National President, Independent Petroleum Marketers Association of Nigeria, Sanusi Fari, said the sale of petrol above government approved price by depot owners would soon lead to a hike in the commodity’s pump price.
Fari told journalists in Abuja that the government through its agencies such as the Department of State Services and the Department of Petroleum Resources should curb the development to avoid crisis in the downstream oil sector.
He said some private depot owners were selling at N165 per litre to independent marketers, way above the government stipulated price of N148 per litre.
Fari said, “Our challenge is the inconsistency in the pricing of petrol. Up till a week ago, government was still insisting that the February price for petrol remained unchanged.
“And most of the private depot owners are selling above the government stipulated price. As at today ( February 25, 2021) private depot owners are selling at N165 per litre to independent marketers.”
He added, “In the last six years, only NNPC imports refined products into this country and these tank farms buy their products from NNPC under a controlled price.
“This has affected our businesses seriously because government is insisting that we sell at the rate of N165, which is not going to work.”

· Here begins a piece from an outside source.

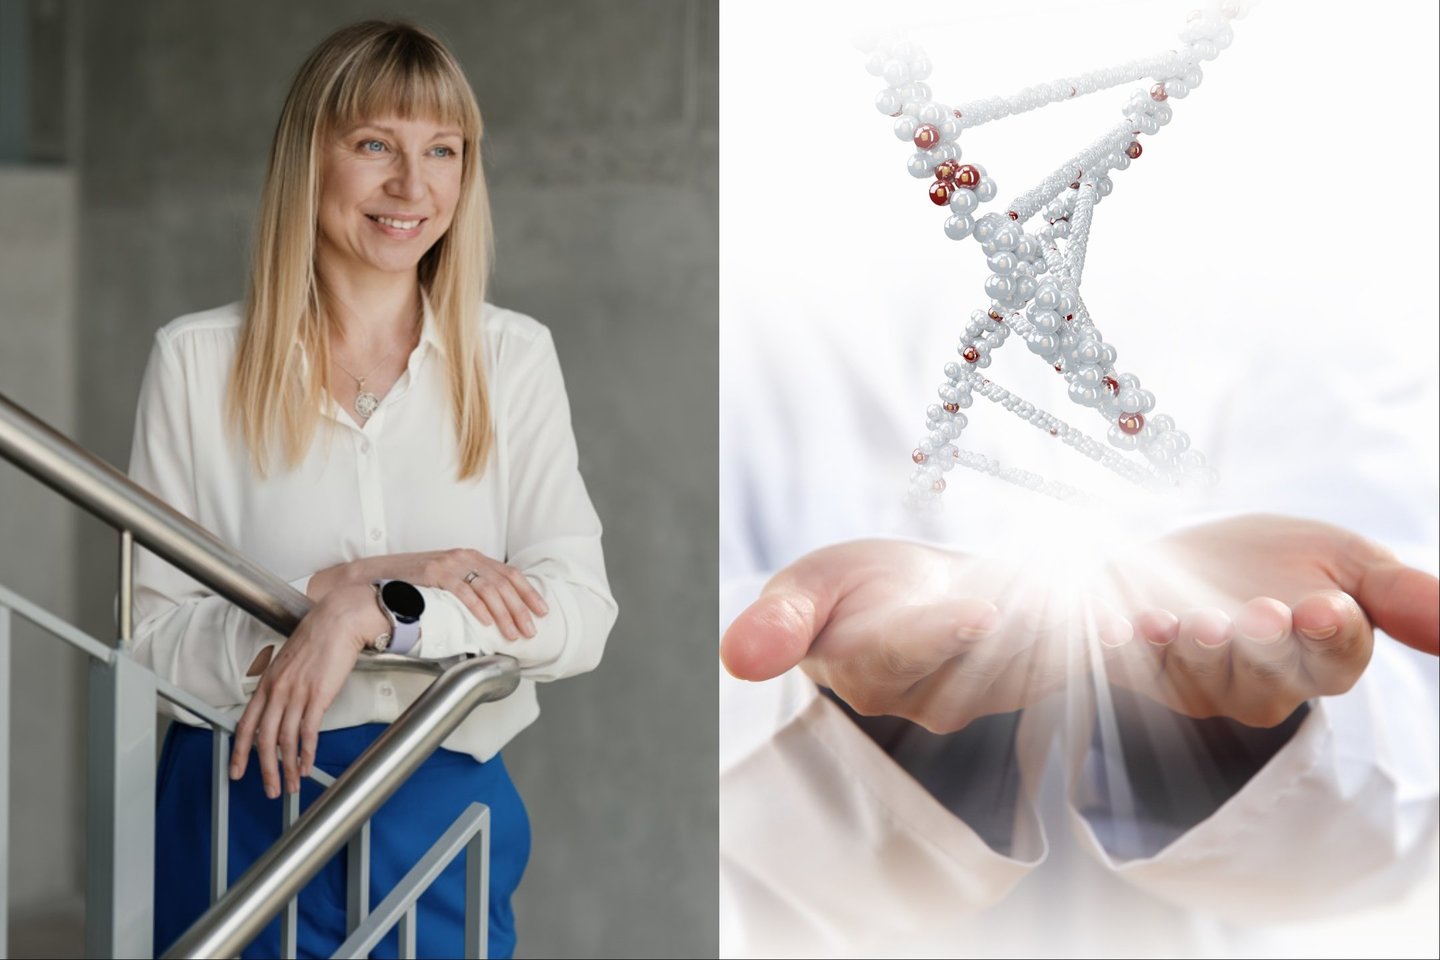  Biochemijos mokslų daktarė Miglė Tomkuvienė į mūsų organizmą žvelgia kitaip – ji tyrinėja, kas vyksta genuose molekulių lygmenyje.<br> VU GMC, 123rf iliustr., lrytas.lt mont.

The IPMAN president said filling station owners buy the product at N165 per litre from the private depots and incur other expenses such as transportation, rent, etc.
“So government cannot expect us to sell less than what we buy,” he said.
Fari added, “This is why we are calling on government and agencies that are saddled with the responsibility to control petrol pricing to urgently clamp down on depots that are selling above the stipulated price.”
The Nigerian National Petroleum Corporation, the country’s sole importer of patrol, recently stated that it never hiked the cost of petrol to depots.
It also enjoined the depot owners to sell the product at the approved rate and called on the DPR to enforce the stipulated price across the depots.